On October 13, 1963, a sporting goods store in Minnetonka Village owned by Robert Barrett was burglarized of five guns, ten bows, some arrows, ammunition, and petty cash. The store had been entered forcibly and the front door was smashed. Also on that date the home of John Evans was burglarized, and seven guns, some ammunition, and several fishing rods were taken.

The charge against defendant as set out in the information was for burglary of the Barrett store, for which defendant was convicted by a jury. He was sentenced to the commissioner of corrections at St. Cloud for a term not to exceed 3 years.

The conviction was based on circumstantial evidence, no one having seen defendant at the Barrett store on the date in question. The only evidence supporting the conviction was defendant’s possession of one of the guns stolen from the Barrett store and four of those stolen from the Evans premises.

Viewing the evidence most favorably for the verdict, it appears the defendant entered a tavern in North Minneapolis, tended by witness Gary *60 MacKenzie, at some time in the forenoon on October 15 and offered to sell five guns to MacKenzie, who was also in the business of buying and selling guns. Defendant went to his car and brought in the guns, explaining that they were being sold for a friend. MacKenzie asked the defendant whether they were stolen and said, “They can’t be hot, because I have to register them with the police department.” He was told they were not. After examining the guns, MacKenzie paid defendant $135 in cash for them and testified at trial that this was a fair price. During the entire transaction, according to MacKenzie, defendant was alone with him, and prior to that morning he had neither received a call from defendant or anyone else nor had he seen anyone concerning the five guns. There was evidence that one of the guns sold to MacKenzie was taken from the Barrett store, the other four from the Evans home.

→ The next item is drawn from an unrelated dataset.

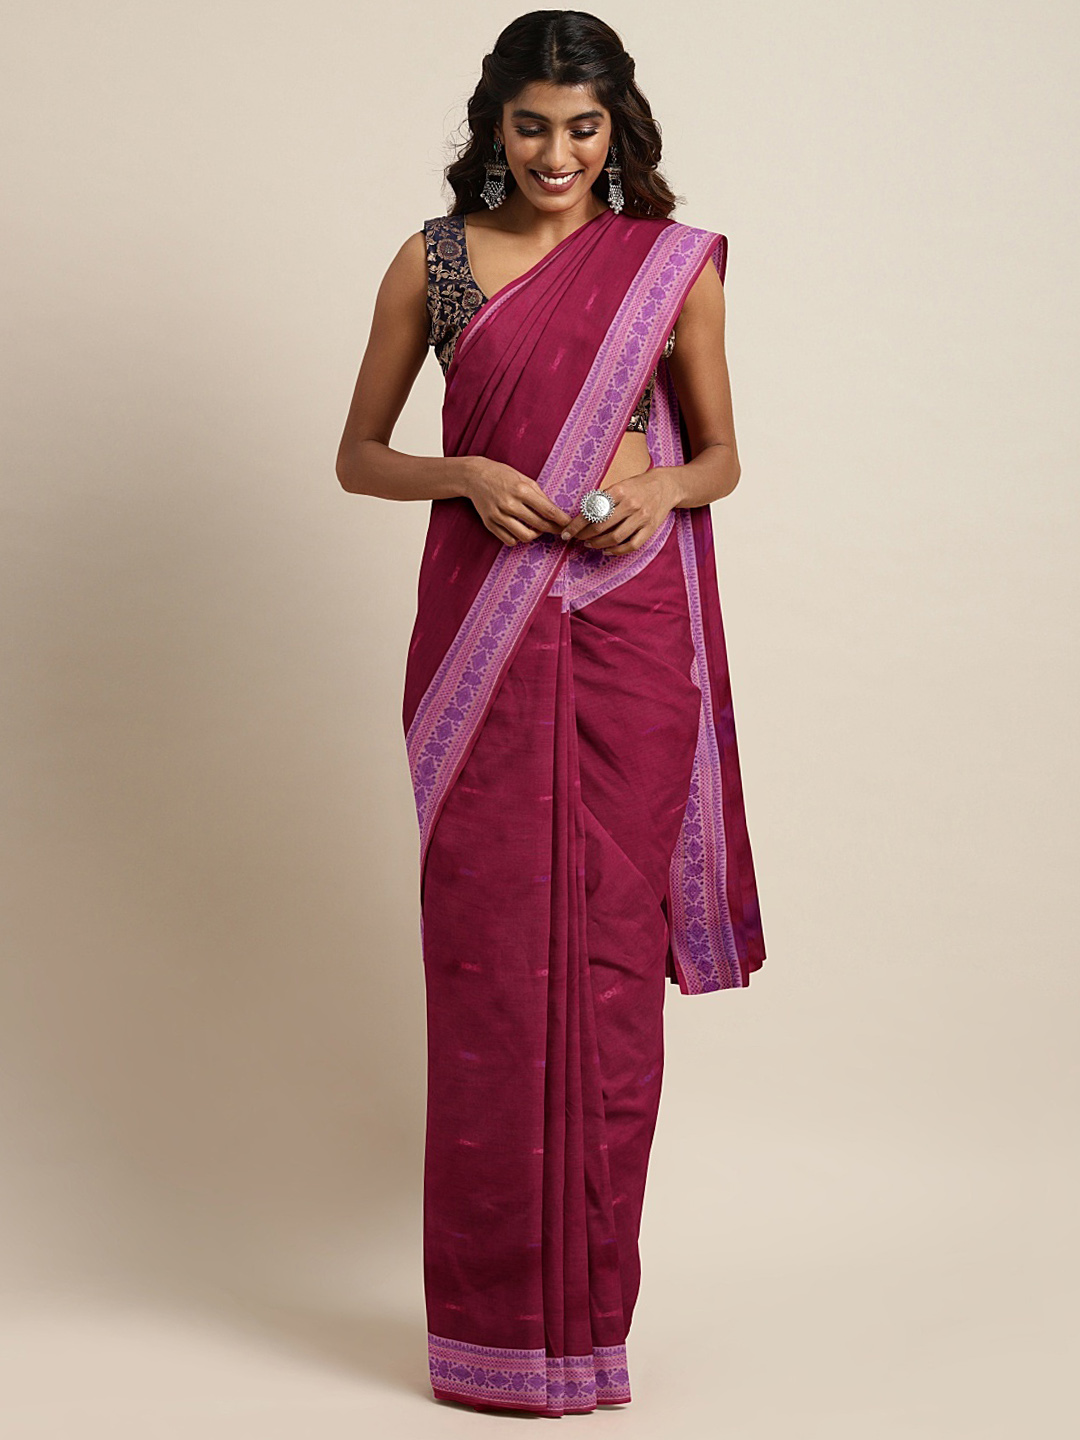 The Chennai Silks Classicate Red Woven Design Pure Cotton Saree Price in India

Over defendant’s objection, evidence of the Evans burglary was admitted at trial. The Evans and Klotter families were friends of some 10 years. Defendant had visited the Evans home on numerous occasions, often to give Susan Evans, the 14-year-old daughter, transportation to the movies or to ice cream parlors. Defendant was familiar with the Evans home, knew Mr. Evans owned some guns, and had seen the gun rack on previous occasions in Mr. Evans’ bedroom, which was on the main floor. Late in the afternoon or early evening on October 13, defendant telephoned Susan. She testified, “He had asked if his sister was at our house, and I said no, and he asked where she was and I said I didn’t know, and he asked if my parents were at home, and I said no. * * * And then he asked if I wanted to go out and get an ice cream cone * * *.” She agreed to do so. Upon arriving at the Evans home around 7:30 or 8 p. m., according to Susan, defendant noticed John Crest, a hired man who lived with the Evans family and who had arrived sometime after the telephone call. He asked Crest if he wanted to visit defendant’s brother at defendant’s house and Crest said he did. Susan, Crest, and the defendant then left in the latter’s car and returned to the Evans home about 9 p. m. that evening. Defendant did not enter the Evans home so far as Susan knew.

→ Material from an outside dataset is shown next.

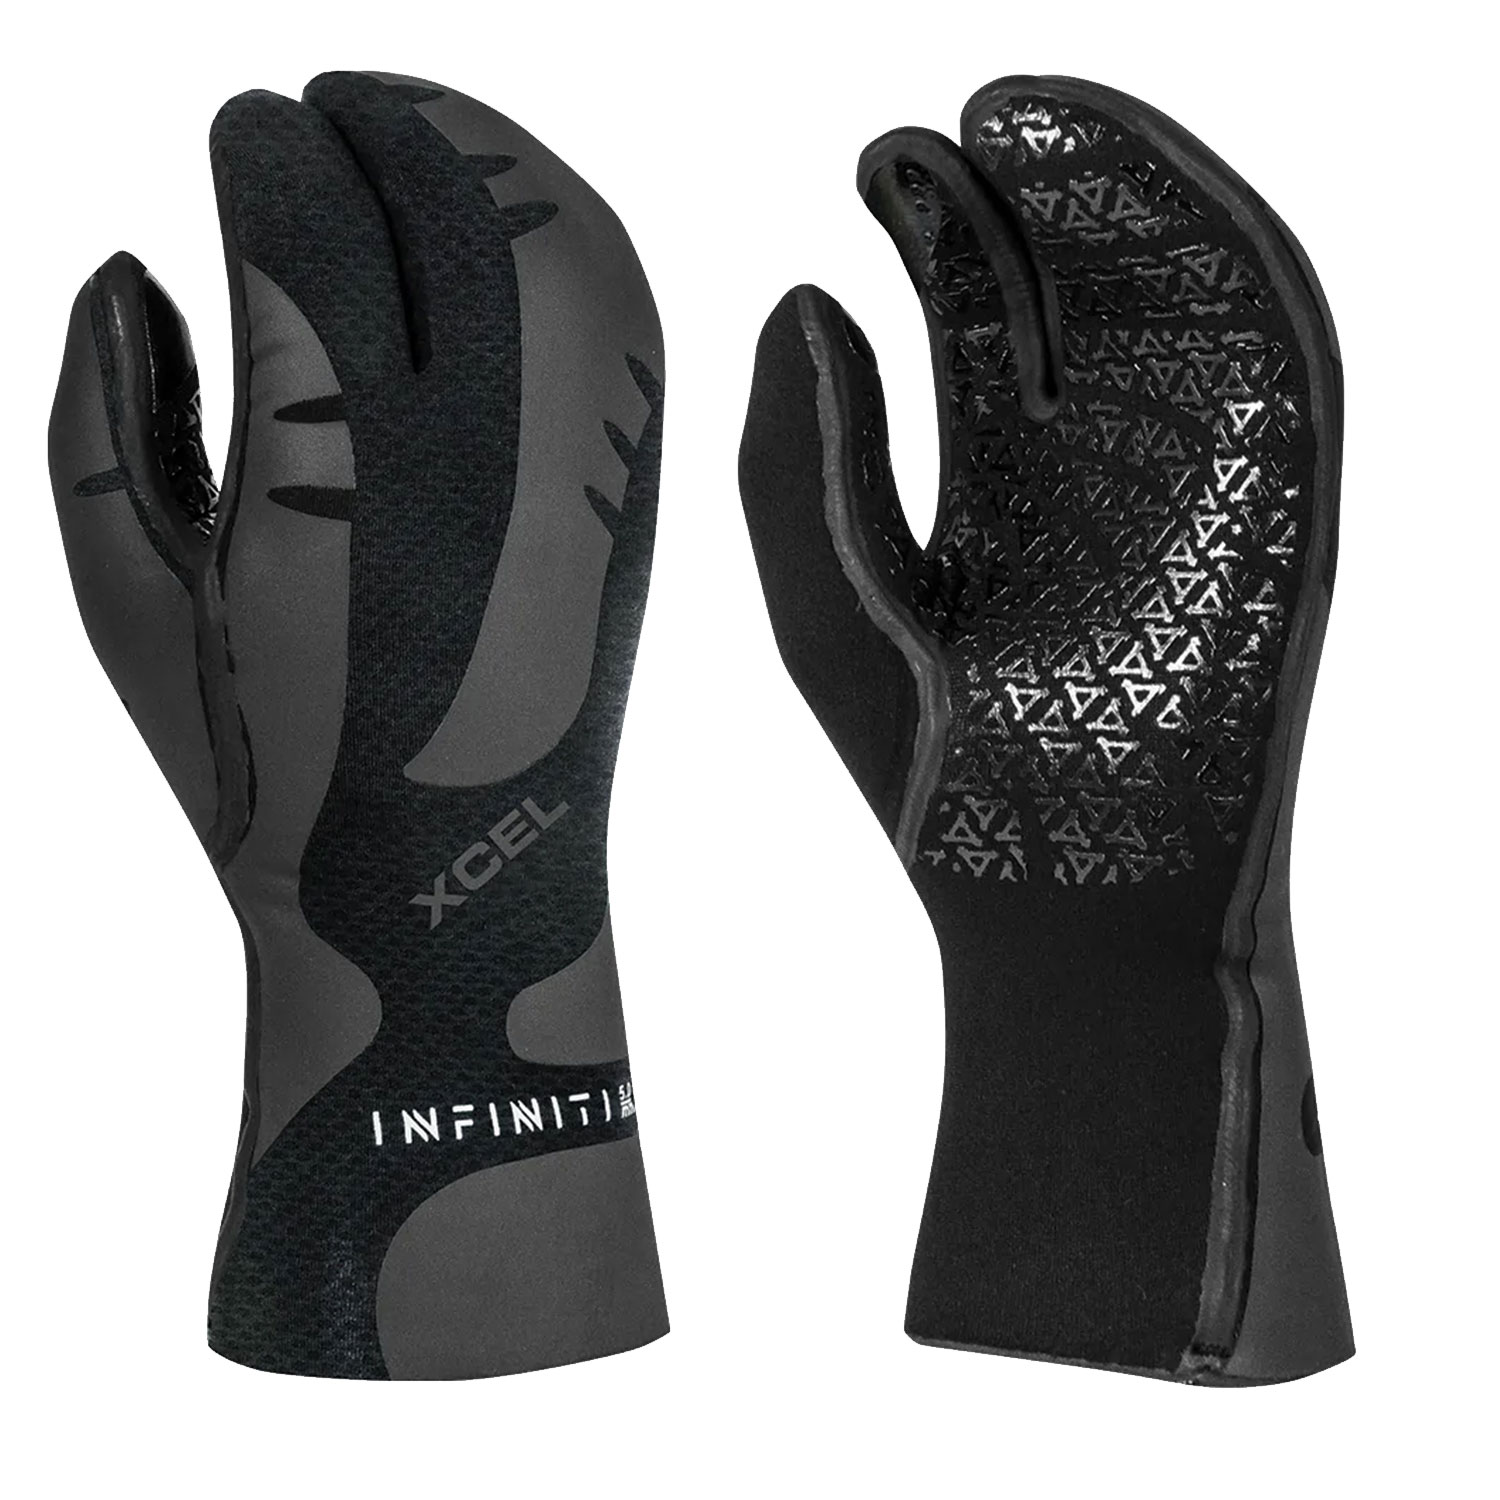 5mm-Infiniti-3-Finger-Glove

John Evans testified that he knew the guns were taken from his home between 2 p. m. October 13, when he had left the house, and 2 a. m. *61 October 14, when he returned, because pieces of the gun case had been tom loose and were lying on his bed when he returned and they had not been there when he left.

Defendant’s testimony, substantially corroborated by his wife and a witness, Harry Swaggert, conflicts with the state’s version. Defendant admitted that he was convicted of burglary in 1958 and served about 3 years 9 months in the reformatory. He denied any connection with either the crime charged or the Evans burglary and related the chronology of events on October 13 as follows: He was at his parents’ home on the afternoon of October 13 when Susan Evans telephoned him and asked whether he could take her to a drugstore for ice cream and soft drinks, which he agreed to do. He drove to her home and picked her up along with John Crest, who desired to see defendant’s brother, and the three of them left in defendant’s car. Approximately 30 minutes later he returned them to the Evans home. Later that evening he went to Lavardo’s Bar in Minneapolis with his wife and mother-in-law. Swaggert was also at the tavern. While in the bar he was approached by a “guy” who asked for assistance in selling some guns, and when he inquired who owned the guns, the “guy” explained that he and his father owned them. For a payment of $15, defendant agreed to sell the guns to MacKenzie. He claimed that contact with MacKenzie was made by Swaggert and that MacKenzie agreed to meet with defendant the next day. On that day, defendant took the guns to MacKenzie’s place of work and MacKenzie purchased them for $135.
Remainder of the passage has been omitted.